Joel Spolsky has a nice article that summarizes some of the difficulty of my job. Disclaimer: I work for Office but have nothing to do with the OOXML format and the opinions herein don’t reflect those of my employers (unless it’s a sheer co-incidence) and some details may be changed to avoid revealing confidential information (similarly, I briefly worked on a project for ISO, but I don’t even know their opinions). This is not an official document from any corporation and there is no fiduciary warrantee implied.
To summarize, the “Office” file formats were first designed to work on real, widely available computers. I put that in quotes because originally they weren’t even the Office file formats, they belonged to separate programs. Later, over many years (in fact it’s really still going) the programs were designed to work with each other and with documents from other vendors and the formats were updated to reflect these changes. All of this happened in software-time, which before we had the internet bubble was the fastest kind of time that companies worked in.
Compare this to the way many standards tend to get born: Bureaucrats and functionaries, lawyers and academics have meetings for years (and I’ve sat in on one or two of the conference calls from these — 90% of the phones are on mute since the participants are doing something else). Maybe, if you’re lucky, a reference implementation gets built. I’m surely exaggerating, right? I mean, the CSS 2.0 Specification was finished in 1998 and there was *a* browser that implemented it in 2005, that’s only… 7 years (support from the major browsers is likely coming in 2008). And that’s for software for the internet, some of the most dynamic stuff the human species has ever been involved with, SGML took decades.

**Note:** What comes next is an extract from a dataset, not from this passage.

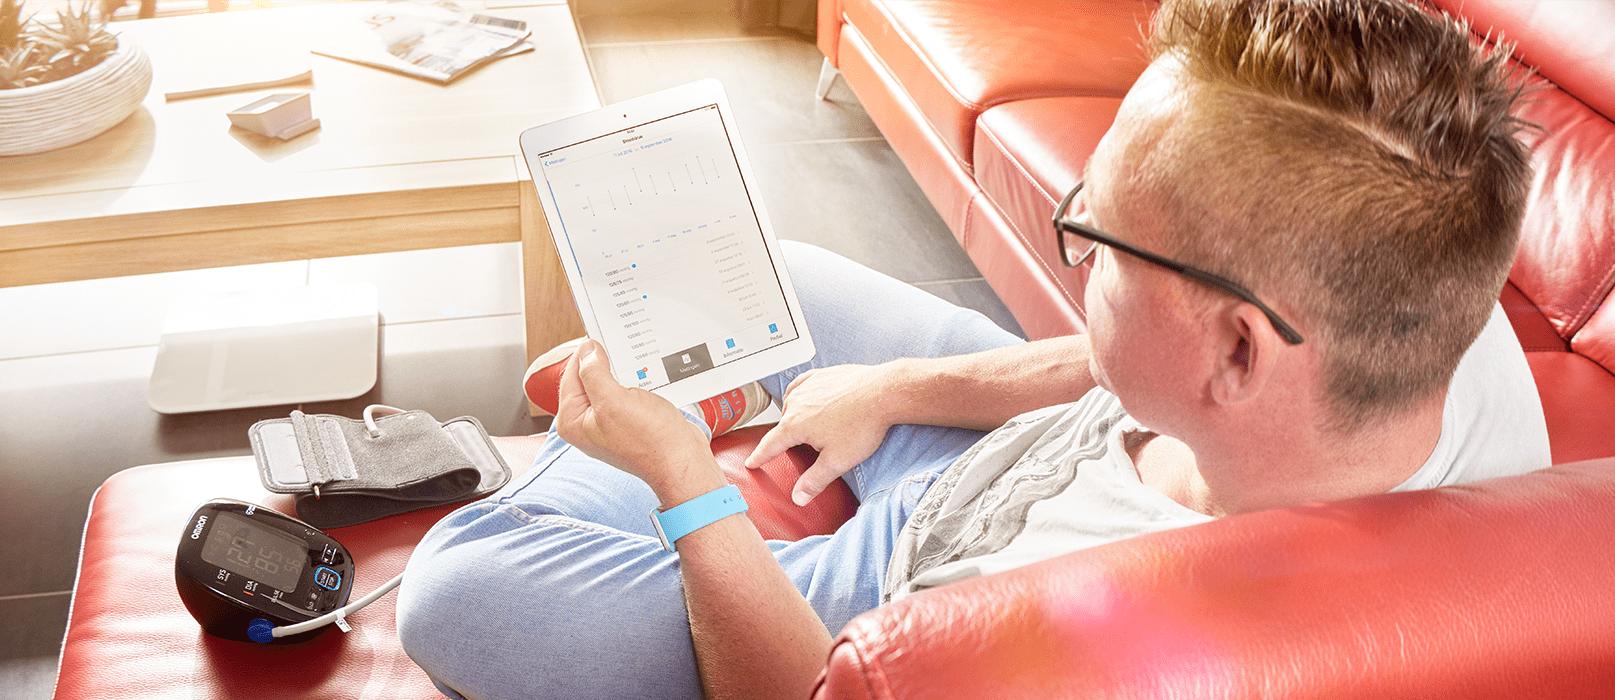 Blodtryksmåling med cVitals appen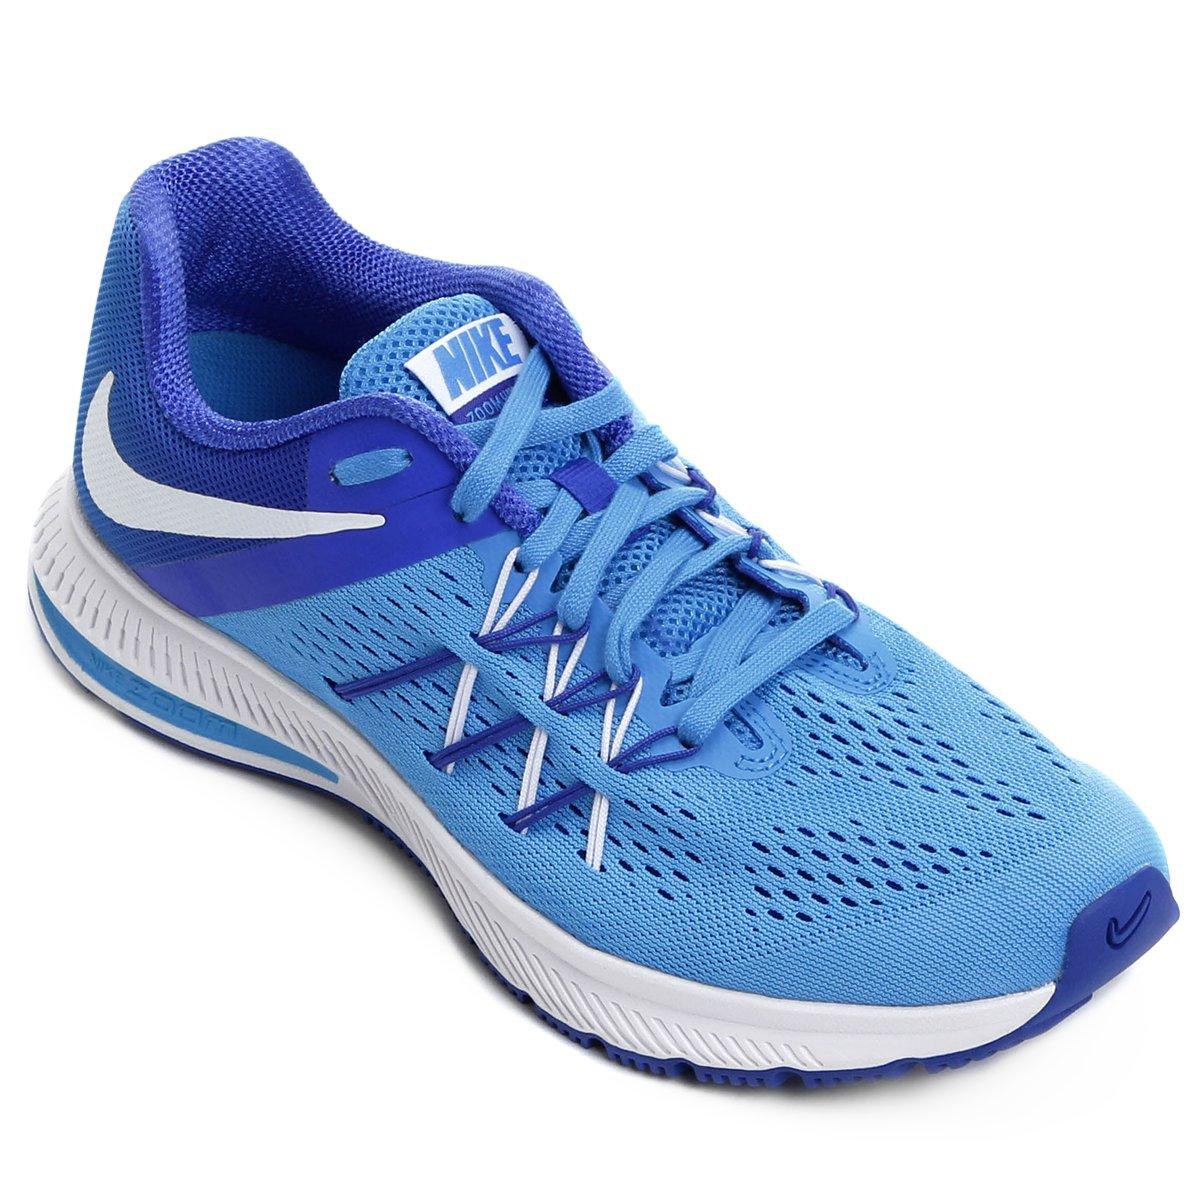 529da731091d8 ... official store o produto tênis nike zoom winflo 3 feminino azul e  branco acabou. c3879 ...

A lot of the complaints I’ve read (and they’re in the comments on Joel’s article as well) are from people who want the standard to be written and designed for the hundred or so people who might consider implementing it rather than retaining functionality for the hundreds of millions of people who only care about their features. People who want to “cut out cruft” seem to think that the codebase is rife with Prince songs and disco-era dance moves rather than methods that are very useful to Tamil speaking law firms using Lotus Notes and the French Republican Calendar (pre-emptive snarky comment: this is a contrived example, but just because you don’t need a feature doesn’t mean it isn’t valuable to someone).
The most confusing part of my job tends to be getting my feature X to work with the Y & Z features from the A and B products. Somebody needs X, Y and Z together, and if I don’t make it work, they’re going to write their own code and end up 500% over budget and a case study on The Daily WTF. It’s hard to design features, it’s hard to build them and it’s hard to document them; the reason we didn’t build the product over a weekend is not that it never occurred to anyone.
I’m drifting rant-ward now, but I just wanted to stress there’s a huge difference between the small programs that we write to solve our problems (which I enjoy doing) and the large programs that solve everyone’s problems (that I’m paid to design).